### COLLECTED MATERIAL

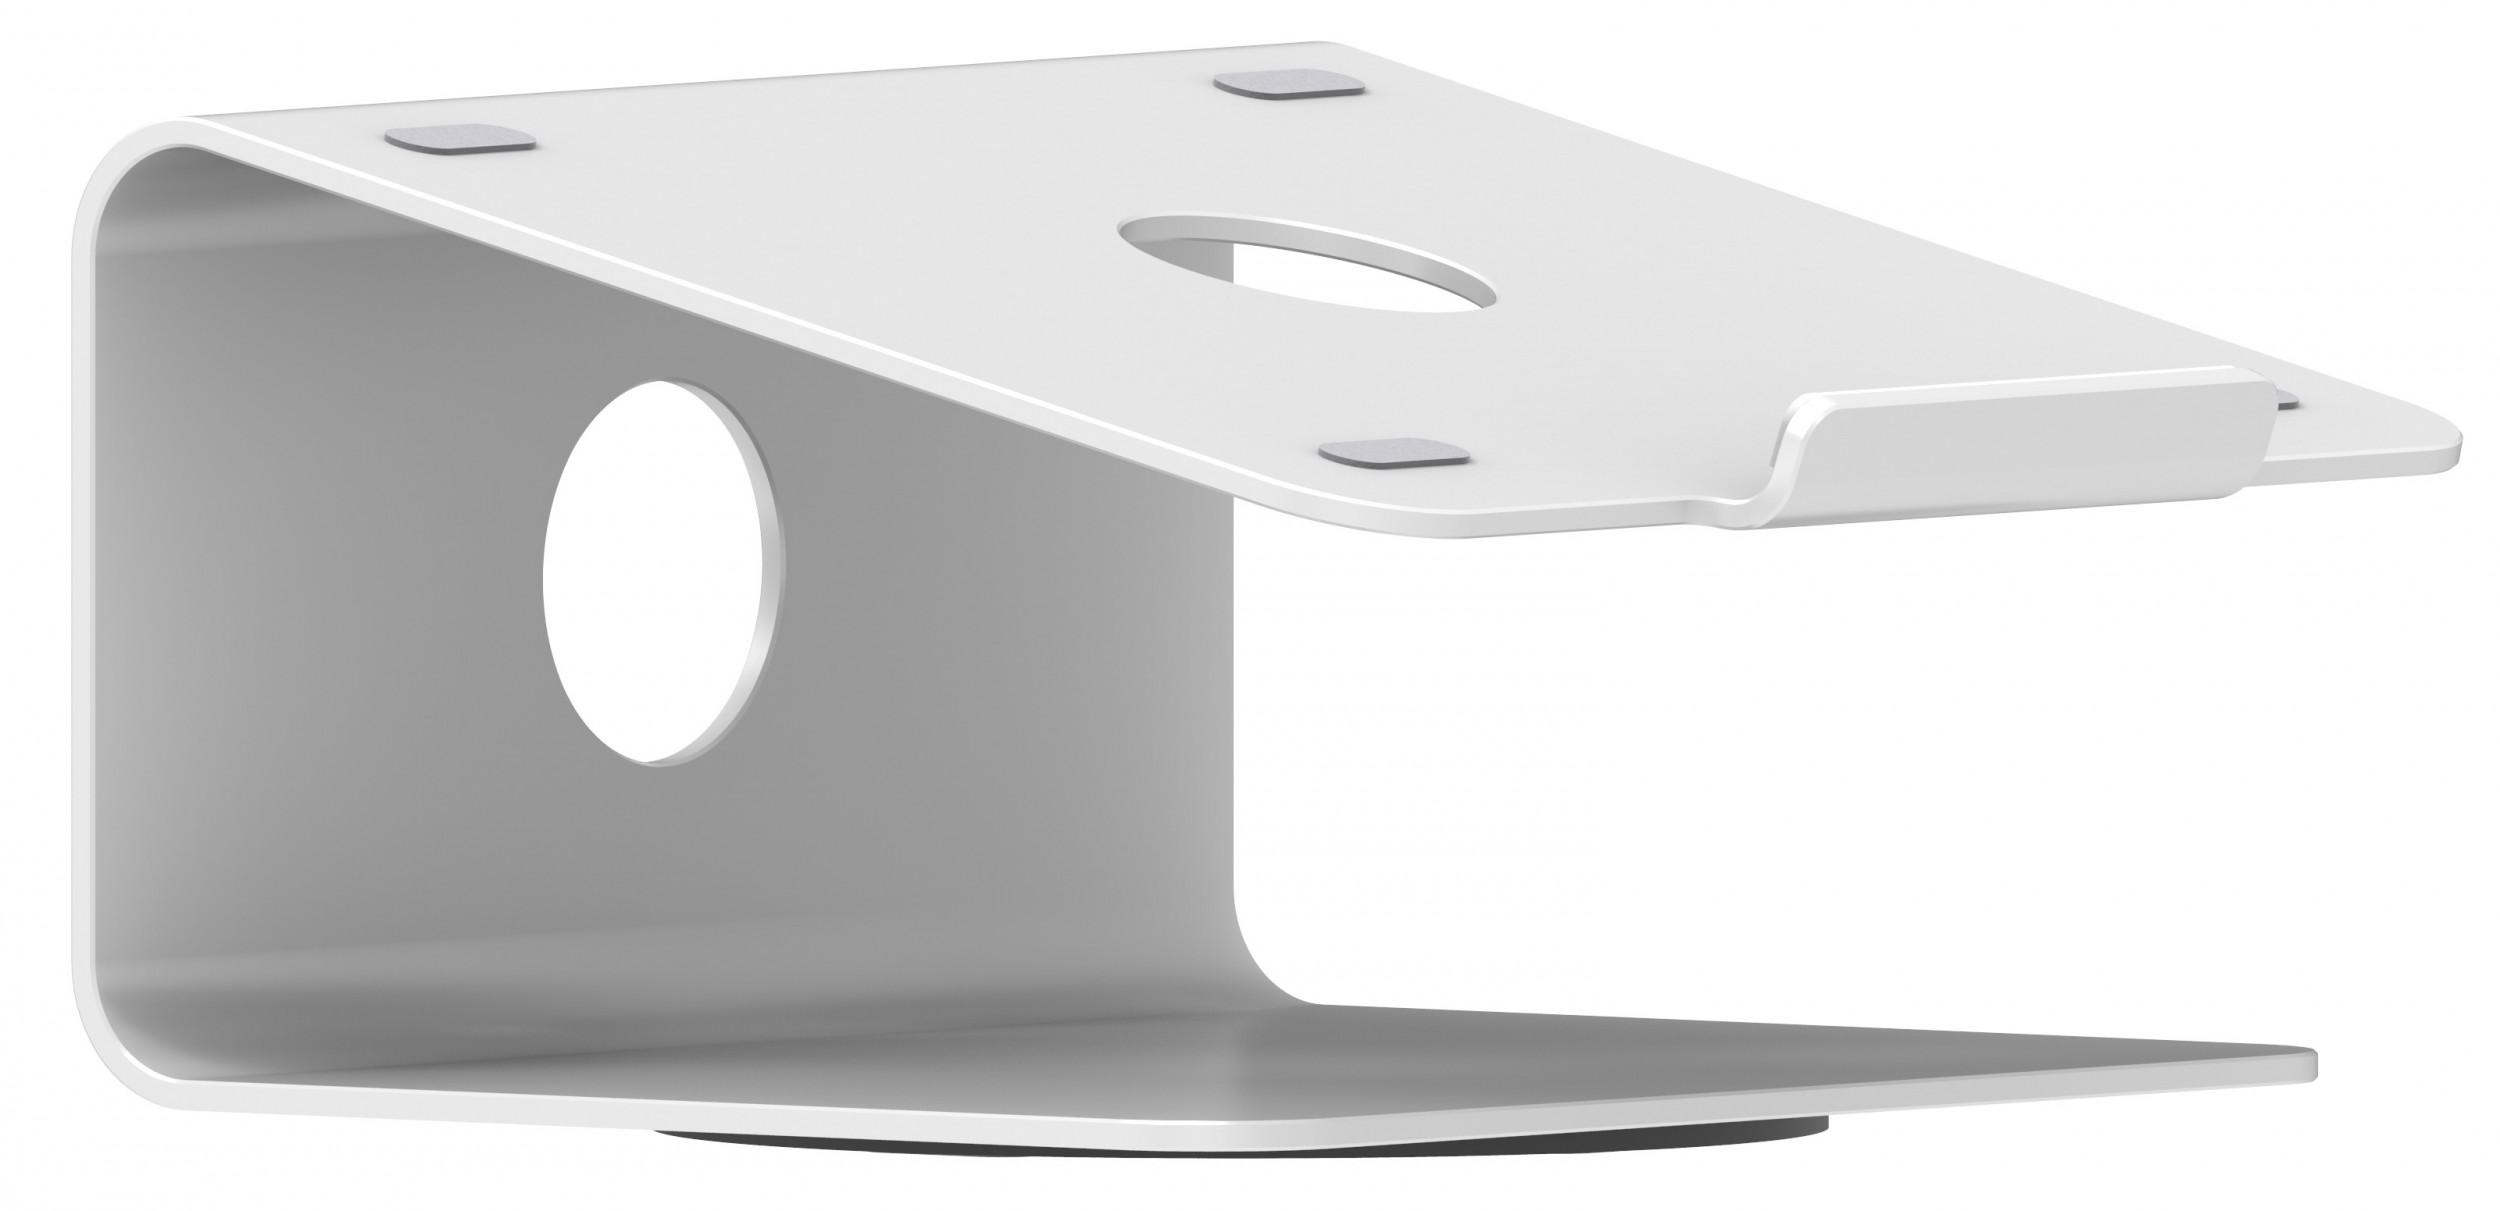 laptop st nder auch f r macbook 360 drehbar mts 02 11266. Black Bedroom Furniture Sets. Home Design Ideas
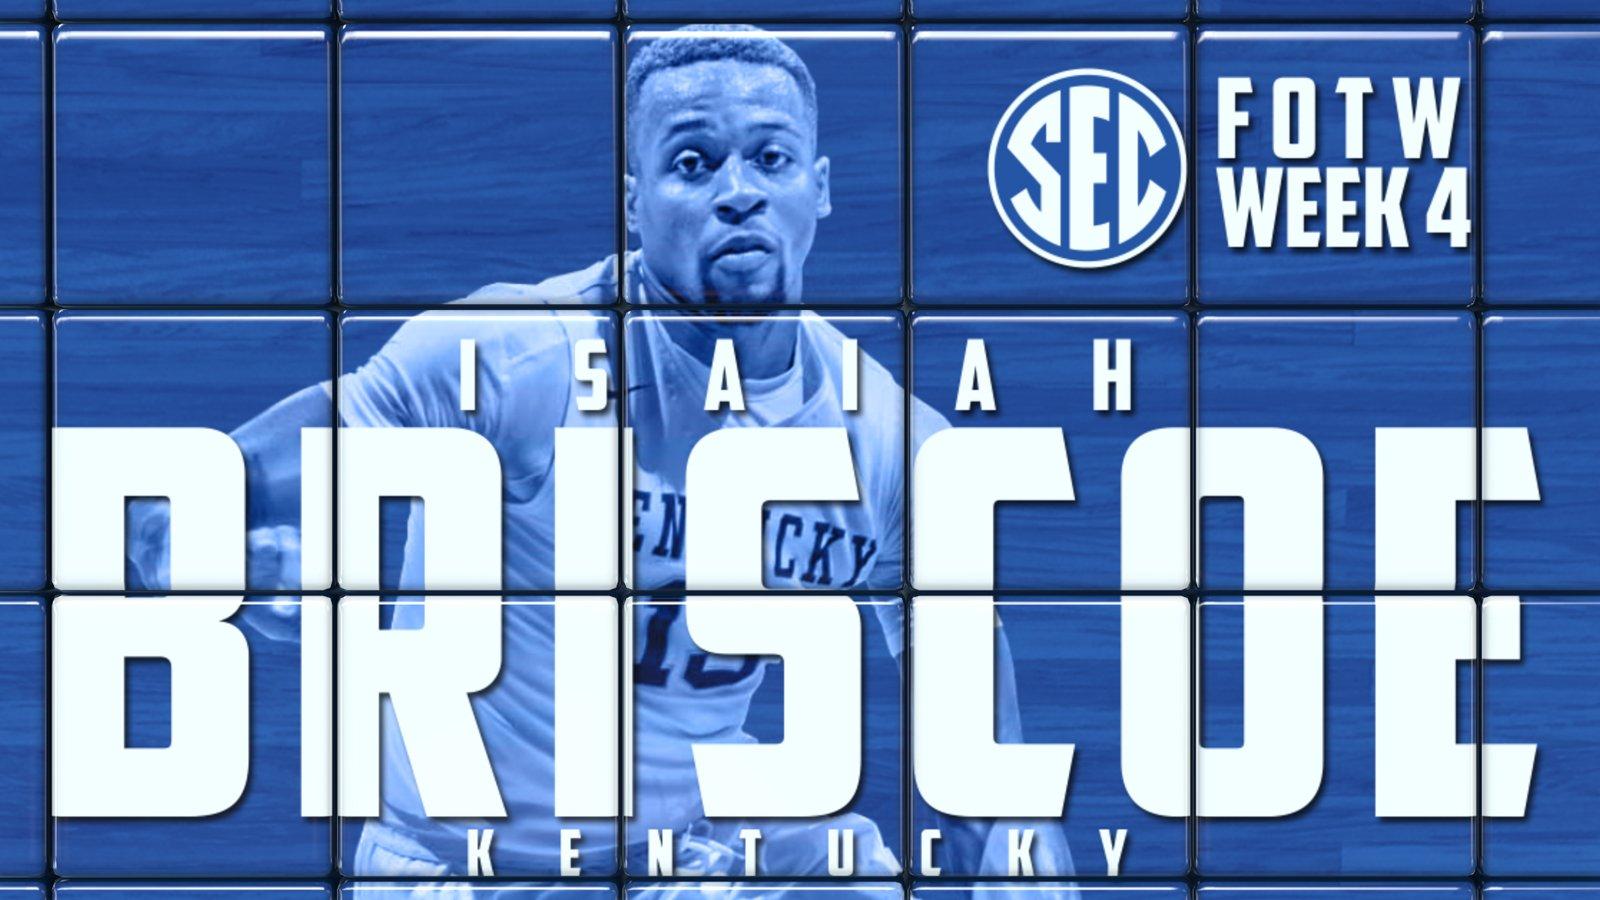 Kentucky Basketball Fox Named Sec Freshman Of The Week: Isaiah Briscoe Named SEC Freshman Of The Week
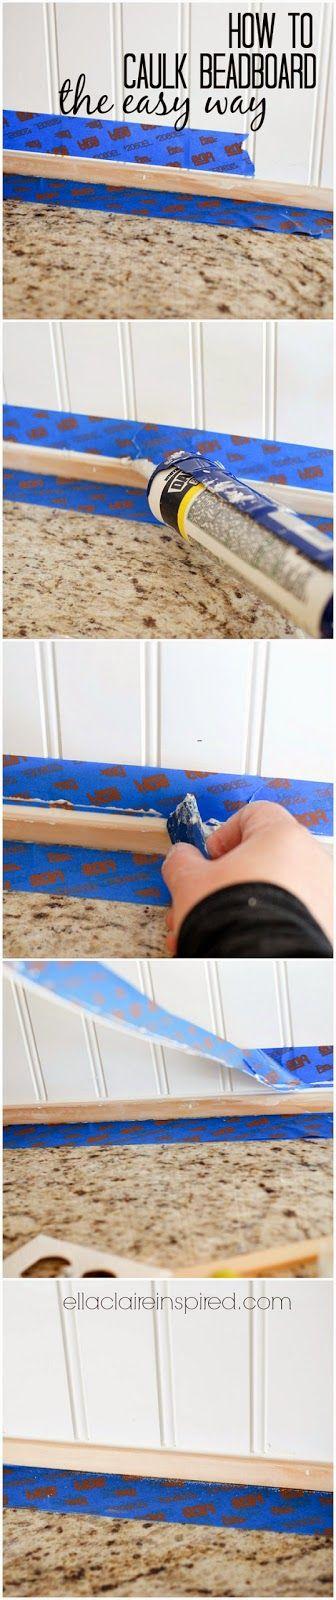 Remodeling Bathroom With Beadboard best 25+ bead board bathroom ideas only on pinterest | bead board

### REQUIRED WORK
Write out only the lines from the line containing "Kentucky Basketball Fox" through the end of the material above, both end lines included. Pictures are not written out.

### TASK RESPONSE
 Kentucky Basketball Fox Named Sec Freshman Of The Week: Isaiah Briscoe Named SEC Freshman Of The Week
 Remodeling Bathroom With Beadboard best 25+ bead board bathroom ideas only on pinterest | bead board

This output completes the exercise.